Let $(X,\tau)$ be some topological space. Munkres defines a basis $\mathcal{B}$ of $\tau$ as a collection of subsets of $X$ such that:
$\mathcal{B}$ covers $X$, and given $B_1, B_2 \in \mathcal{B}$, for all $x \in B_1 \cap B_2$, there exists some $B_3 \in \mathcal{B}$ such that $x \in B_3 \subset B_1 \cap B_2$.
Given a collection of subsets $\mathcal{B}$ with the above properties, Munkres defines the topology generated by $\mathcal{B}$ as all sets $U$ such that for all $x \in U$, there exists some $B \in \mathcal{B}$ such that $x \in B \subset U$.
My question is, given some topological space $(X,\tau)$ with basis $\mathcal{B}$, is $\tau$ necessarily the topology generated by $\mathcal{B}$? I thought they were different concepts, but in the proof of certain lemmas, they seem to imply one another.
Thanks!
Best Answer
Quoting from Munkres:
This definition is not the definition of "$\mathcal{B}$ is a basis of the topology $\tau$" (note that no topology $\tau$ appears in the definition!).

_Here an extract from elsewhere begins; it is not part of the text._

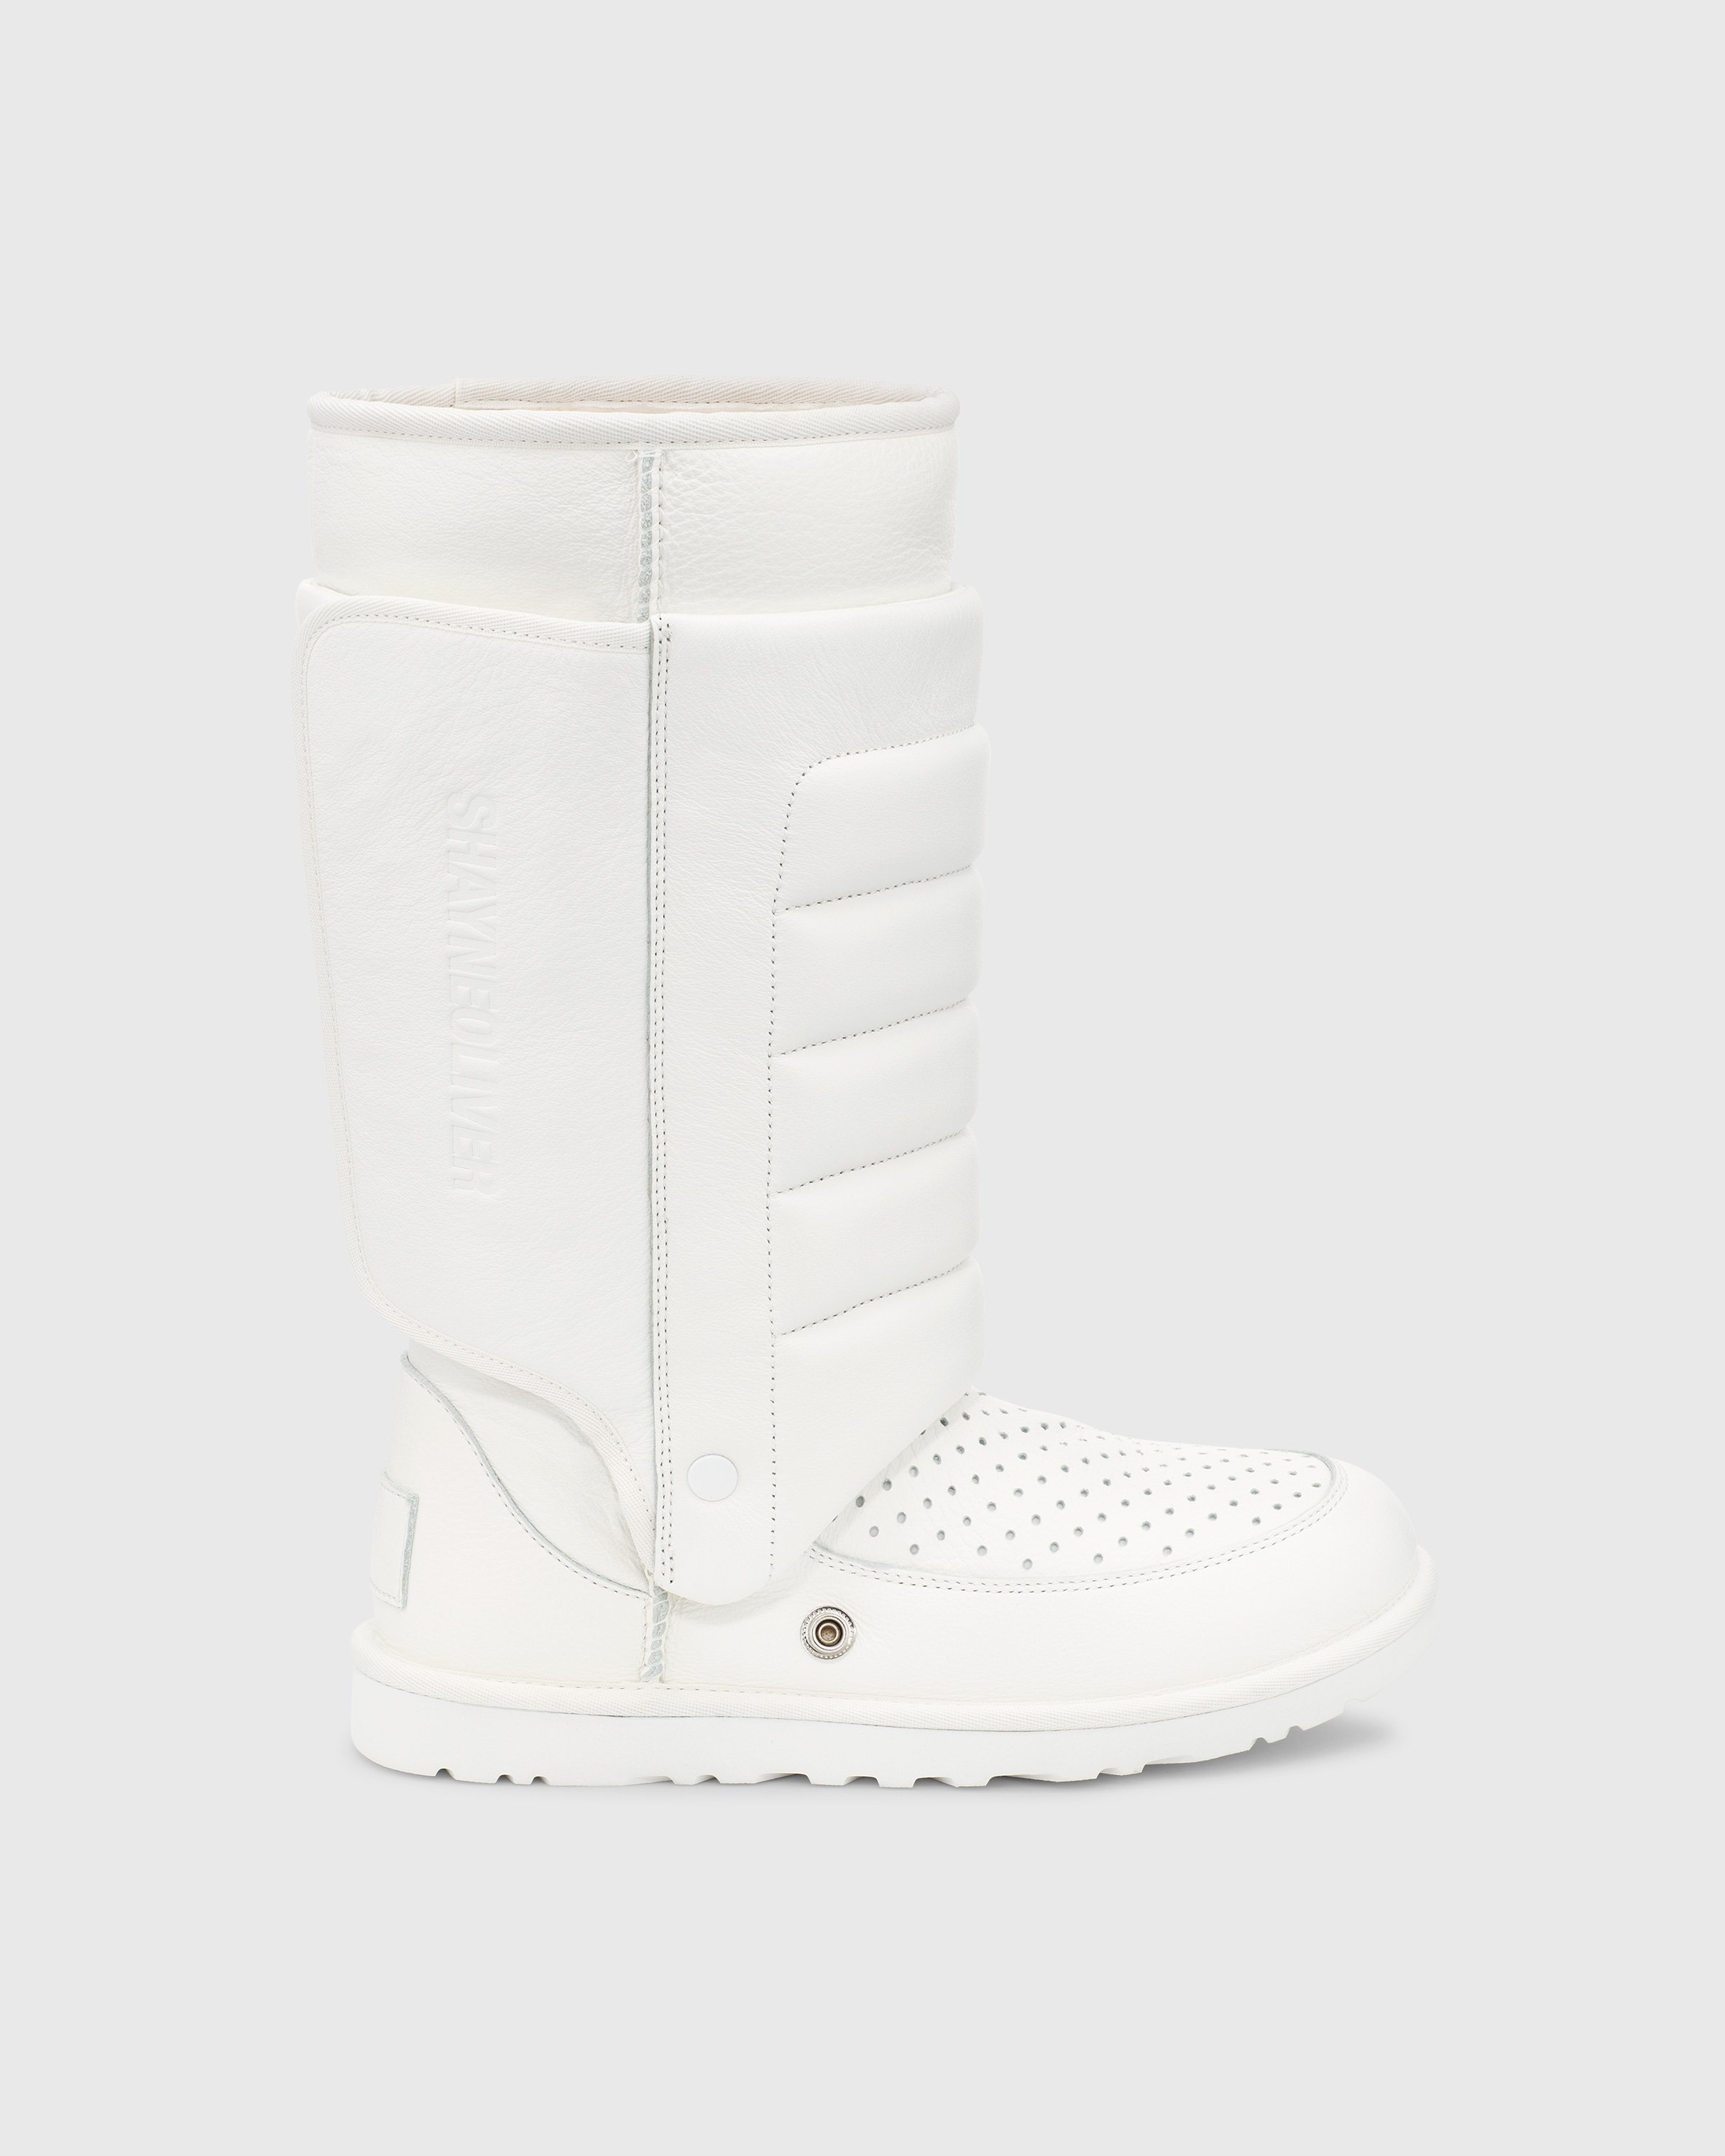 Ugg x Shayne Oliver - Tall Boot White - Footwear - White - Image 5

Instead, it's the definition of "$\mathcal{B}$ is a basis for some topology on $X$". Which topology? The topology generated by $\mathcal{B}$ (which is the next part of the definition in Munkres).
So when you read "$\mathcal{B}$ is a basis for $\tau$", it means that $\mathcal{B}$ is a basis, and $\tau$ is the topology generated by the basis $\mathcal{B}$.